Удивительно, но я просто закрываю рот и в который раз соглашаюсь с его словами.
В больнице, где лежит Дениска, жуткий холод. Пробирает до самых костей. Или мне это только кажется?
В машине Ленского было тепло и уютно, и я так втянулась в запах мяты, что первые несколько минут на свежем морозном воздухе чувствовала себя выброшенной на лед рыбой, которой нечем дышать. Просто стояла, глотая воздух сухими губами и смотрела вслед скрывшемуся за поворотом «Порше». И пыталась привести мысли в порядок, потому что на какое-то время, совсем на чуть-чуть, все заботы вылетели из моей головы, и в ней осталось странное, совершенно иррациональное желание побежать за ним следом и еще раз сказать, как я благодарна.
А потом во двор заехала машина Скорой помощи, и я быстро очнулась от ненужных фантазий. Ущипнула себя за щеку, приводя мысли в порядок и забежала внутрь.
Мать сидит неподалеку от реанимации: осунувшаяся, худая, помятая. Как будто ей не сорок пять, а все сто. Она даже не сразу меня замечает. Просто раскачивается из стороны в сторону, подтирая мятым платком давным-давно высохшие слезы. Я присаживаюсь рядом, молча обнимаю ее за плечи, и мы сидим так несколько минут.
— Бледная какая, солнышко. — Она растирает мои щеки сухими мозолистыми ладонями.
— Все хорошо, мам. Как Дениска?
Она сбивчиво рассказывает, что его состояние стабильно тяжелое, что брату ставят капельницы и делают компрессы и еще накладывают какие-то специальные охлаждающие пакеты. Снова плачет и мне приходится успокаивать ее фальшивыми надеждами: говорю, что все будет хорошо, что деньги мы найдем, главное, чтобы Дениска выздоровел, а остальное…
— Жизнь длинная, — улыбаюсь в ее тусклые от горя глаза, — хватит вернуть кредит до Денискиной свадьбы. А там придется в новый залезать.

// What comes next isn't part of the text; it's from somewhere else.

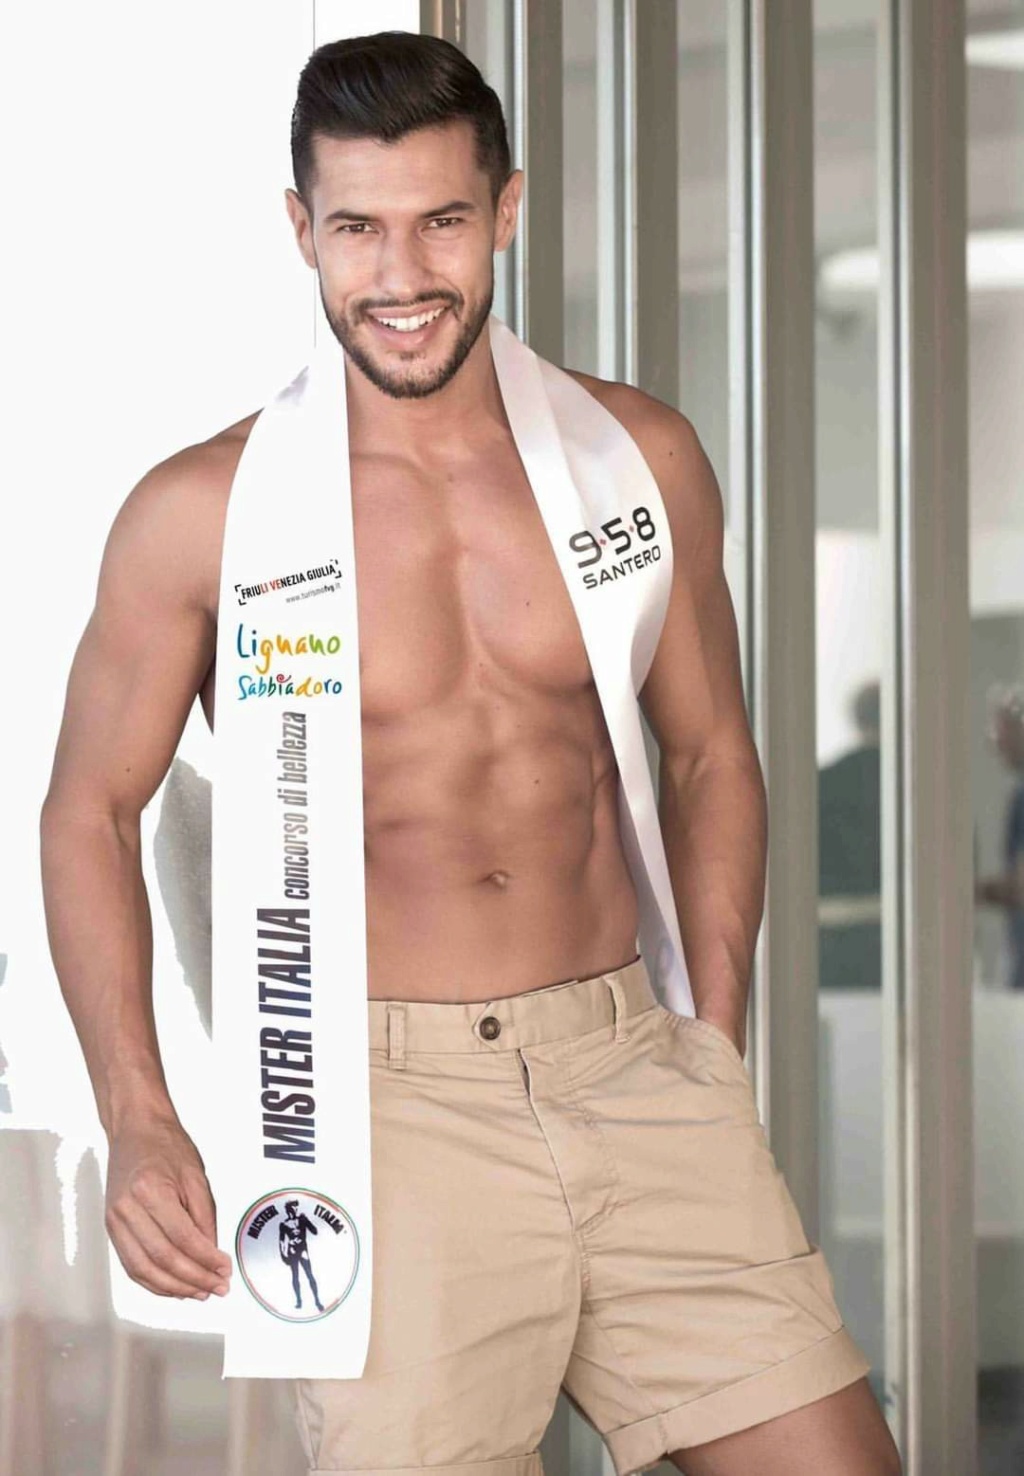 Mister Italia 2019 Rudy El Kholti

Она кое-как улыбается в ответ.
Потом долгий и очень тяжелый разговор с врачом. Больница может обеспечить ребенка только самым минимумом, но если ограничится только этим, то шансы на выздоровление очень малы. Степень ожогов большая, началась интоксикация. Из рассказа матери я помню, что она поставила на плиту кастрюлю с водой, и пока переодевала Валю, брат каким-то образом притащил маленький стульчик из соседней комнаты, чтобы залезть в ящик со сладостями. Пытался схватиться за ручку кастрюли, как скалолаз — и опрокинул на себя шесть литров крутого кипятка.